──────── Provided data

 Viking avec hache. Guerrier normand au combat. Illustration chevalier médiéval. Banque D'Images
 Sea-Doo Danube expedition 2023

────────────────
──────── Provided data

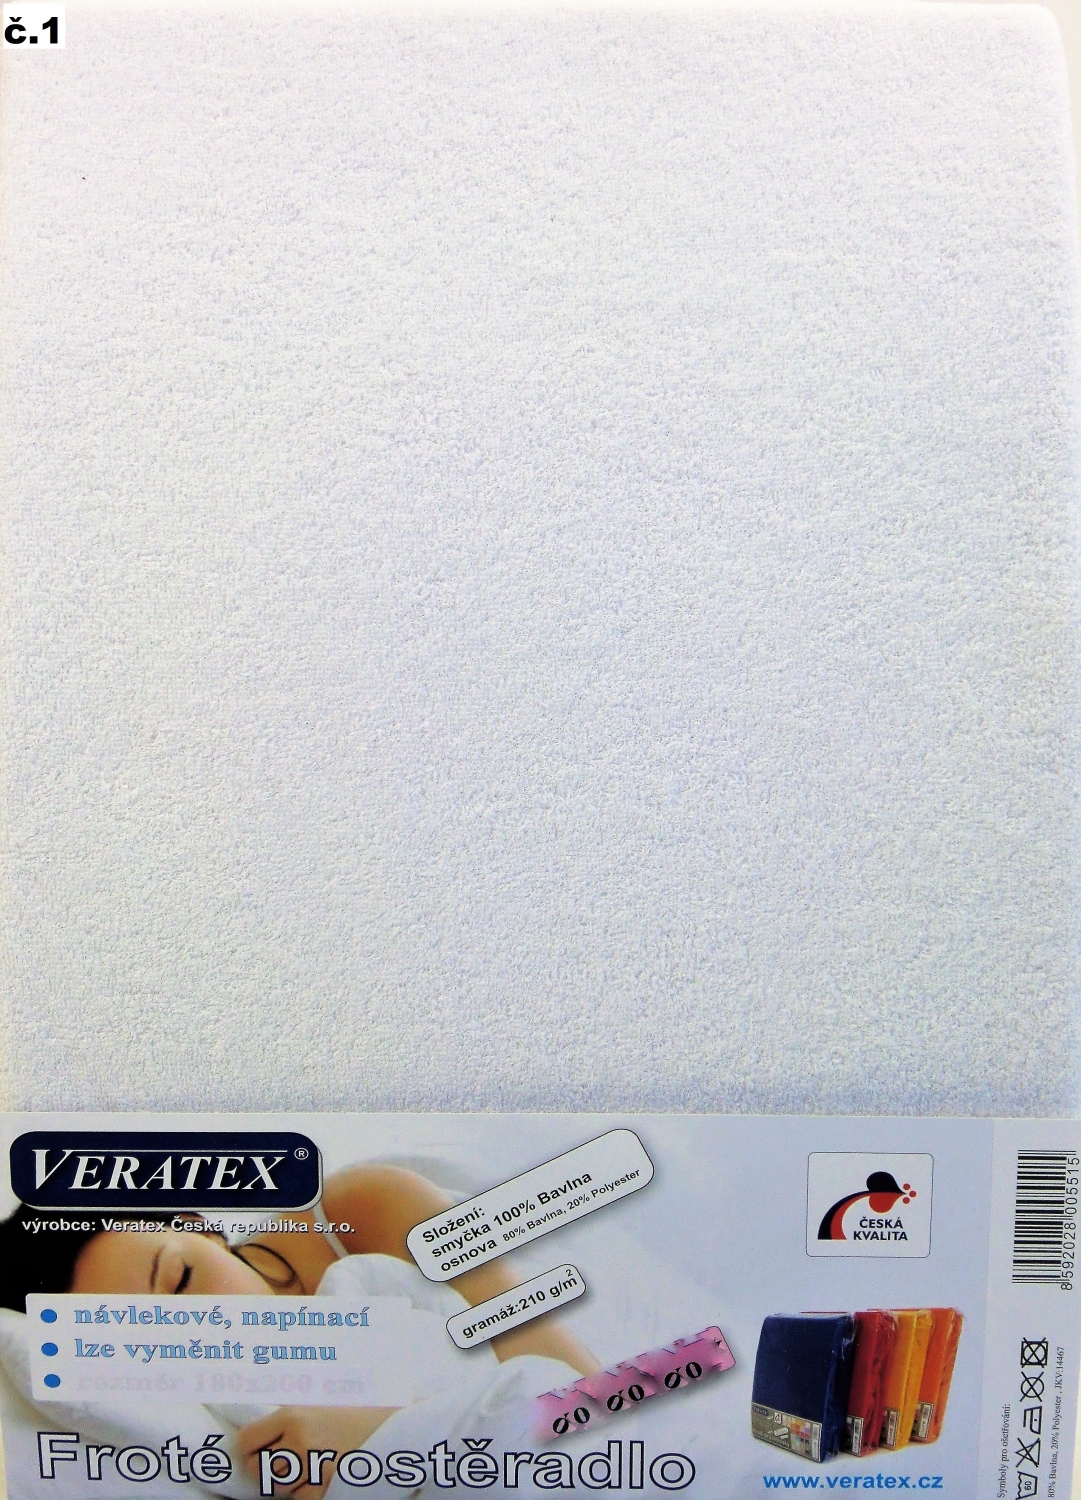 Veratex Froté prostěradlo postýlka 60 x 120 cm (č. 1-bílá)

────────────────

■ **Task objective**: The expected output is exactly the lines of the listing above between the line holding "Viking avec hache." and the line holding "Sea-Doo Danube expedition 2023", inclusive.

■ **Response to the exercise**:
 Viking avec hache. Guerrier normand au combat. Illustration chevalier médiéval. Banque D'Images
 Sea-Doo Danube expedition 2023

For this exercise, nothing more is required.